BP starts testing on leaky well cap in the Gulf

First of three openings closed, more tests of pressure will follow before possible end to disaster

Published July 14, 2010 11:03PM (EDT)

Oil giant BP started shutting off the flow of oil through a new cap on its busted well Wednesday, possibly coming within hours of stopping the gusher for the first time since April.

Company vice president Kent Wells said at a news briefing in Houston that BP has closed the first of three openings that have been letting oil flow through the a new cap. Wells said it will take hours before all three are closed.

At that point, what BP calls the official test of the well's capabilities begin, Wells said. The company will be monitoring pressure inside the device, in part to make sure no new leaks develop. They will review at six hour intervals over a 48-hour period whether the new cap works as planned.
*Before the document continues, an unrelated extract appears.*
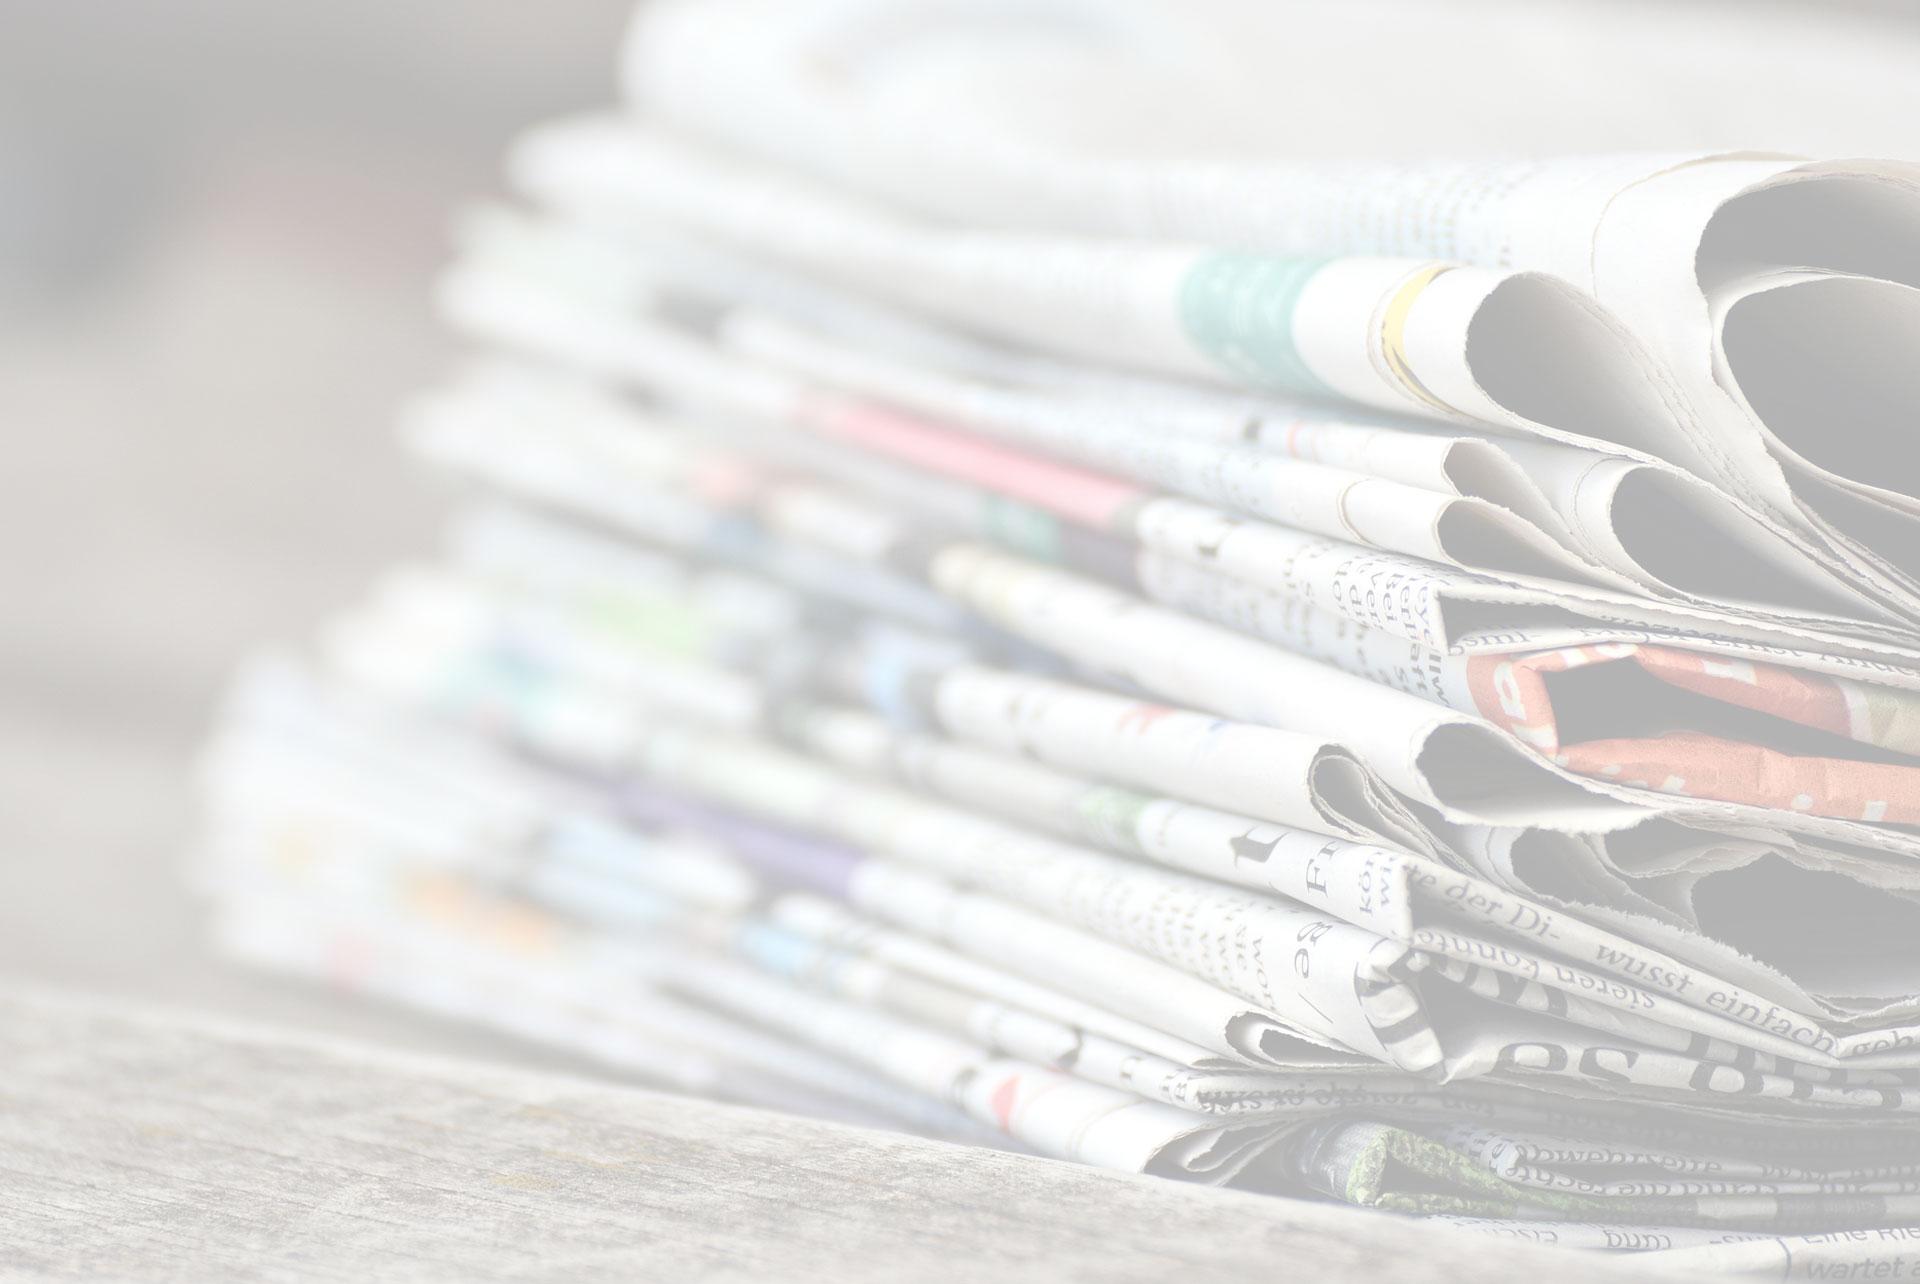 Juventus premiazione 2017

National Incident Commander Thad Allen said that after the test, all the valves will be reopened and BP and federal officials will decide whether to close off the well again or keep it open, with the oil that pours out again being collected by vessels floating on the surface of the Gulf.
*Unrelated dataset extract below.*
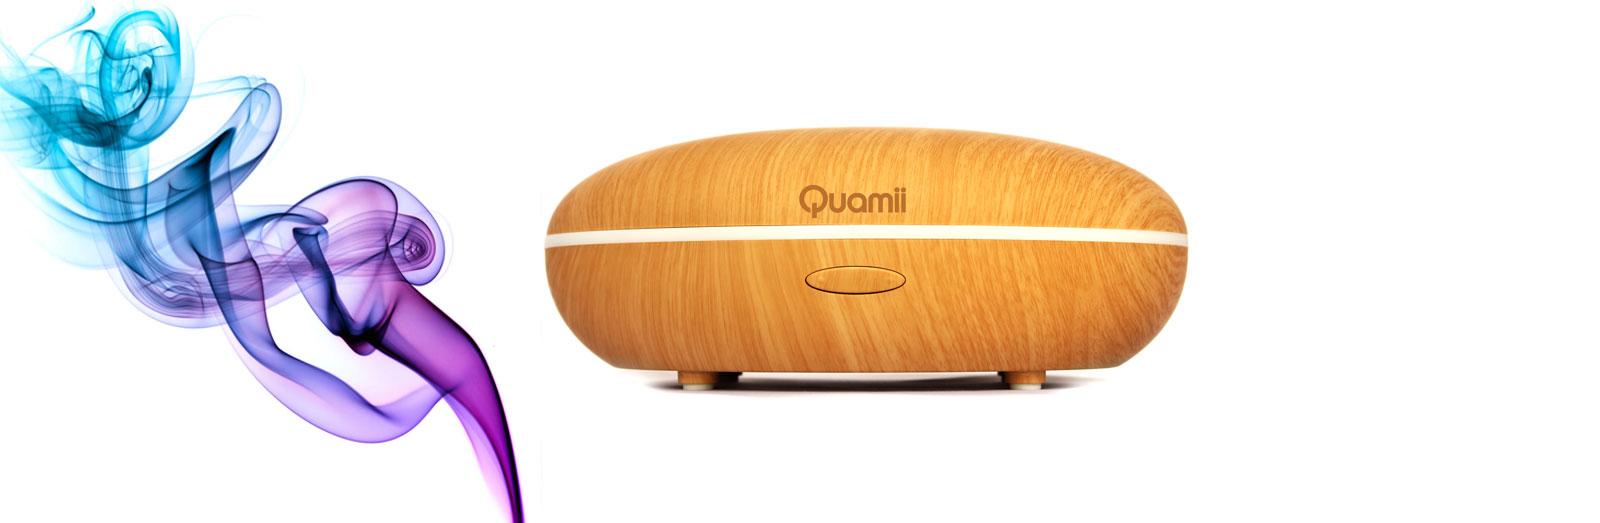 Quamii Ultrasonic Diffuser

Allen said at a separate news conference in New Orleans that the decision to go ahead with testing came after a 24-hour delay prompted by an "overabundance of caution" about the effect the pressure could have on the leaking well.
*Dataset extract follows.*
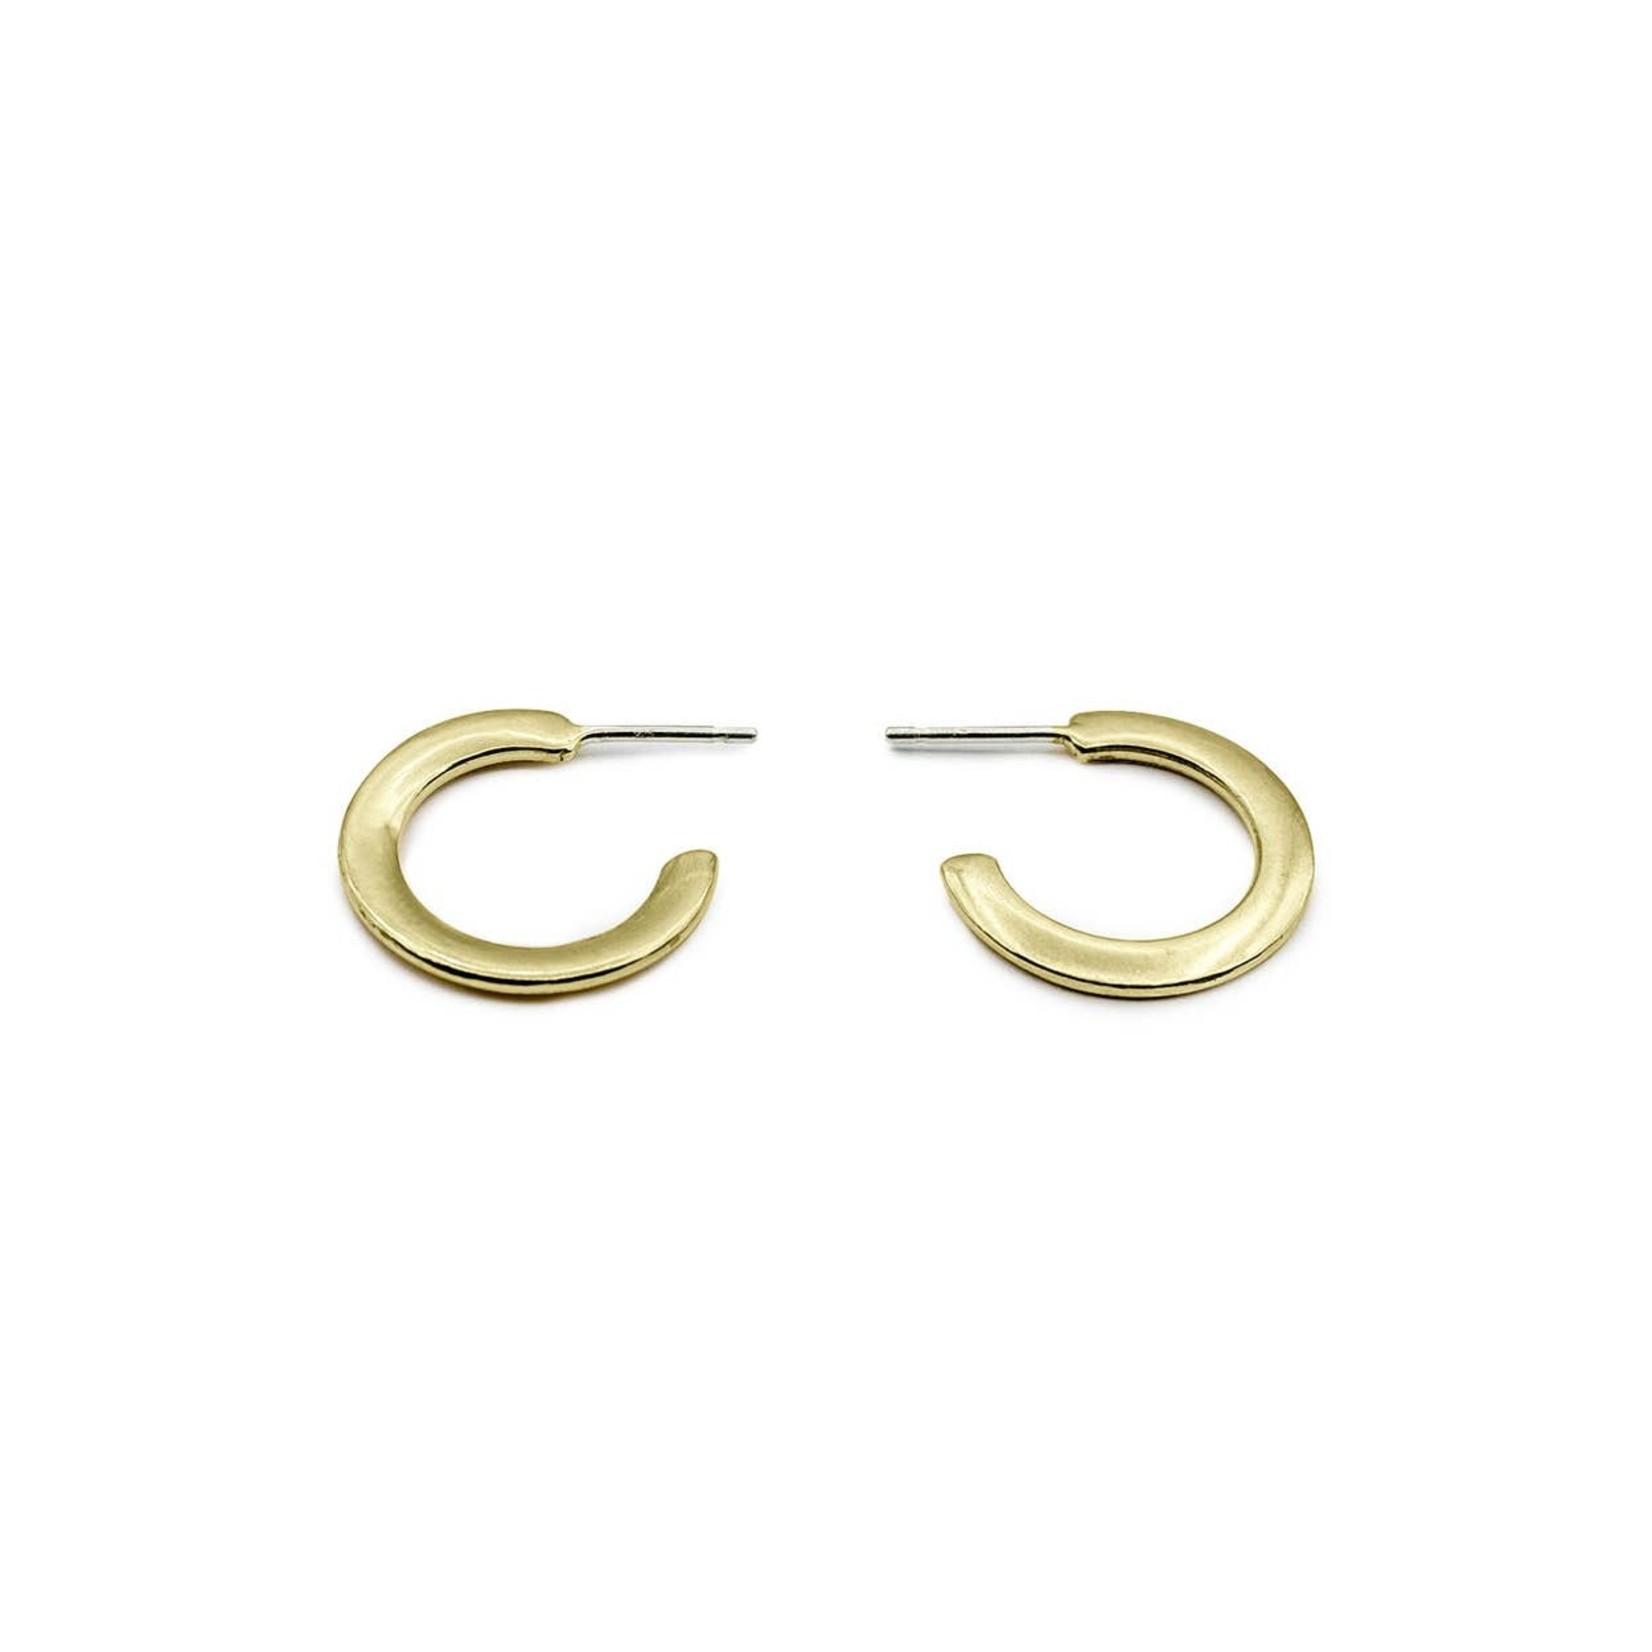 Mana Made Jewelry Mana Made Classic Hoop Earring Brass

"This has been a substantial impact on our environment, this has been a substantial impact on the Gulf Coast, the people, the culture," Allen said. "What we didn't want to do is compound that problem by making an irreversible mistake."

Federal officials were concerned that the pressure could further damage the well, including below the seafloor. A mapping of the seafloor around the well allayed those fears, Allen said.

Scientists will be closely monitoring the pressure inside the well during the test. Higher pressures are good; they indicate there is one leak. But if pressure fails to rise above 6,000 pounds per square inch, that could mean there are more leaks deeper in the well.

Once all the openings in the cap are shut off, it will be the first time no oil has flowed into the Gulf since an explosion on the Deepwater Horizon on April 20 that killed 11 workers and began what has become one of the worst environmental disasters in U.S. history.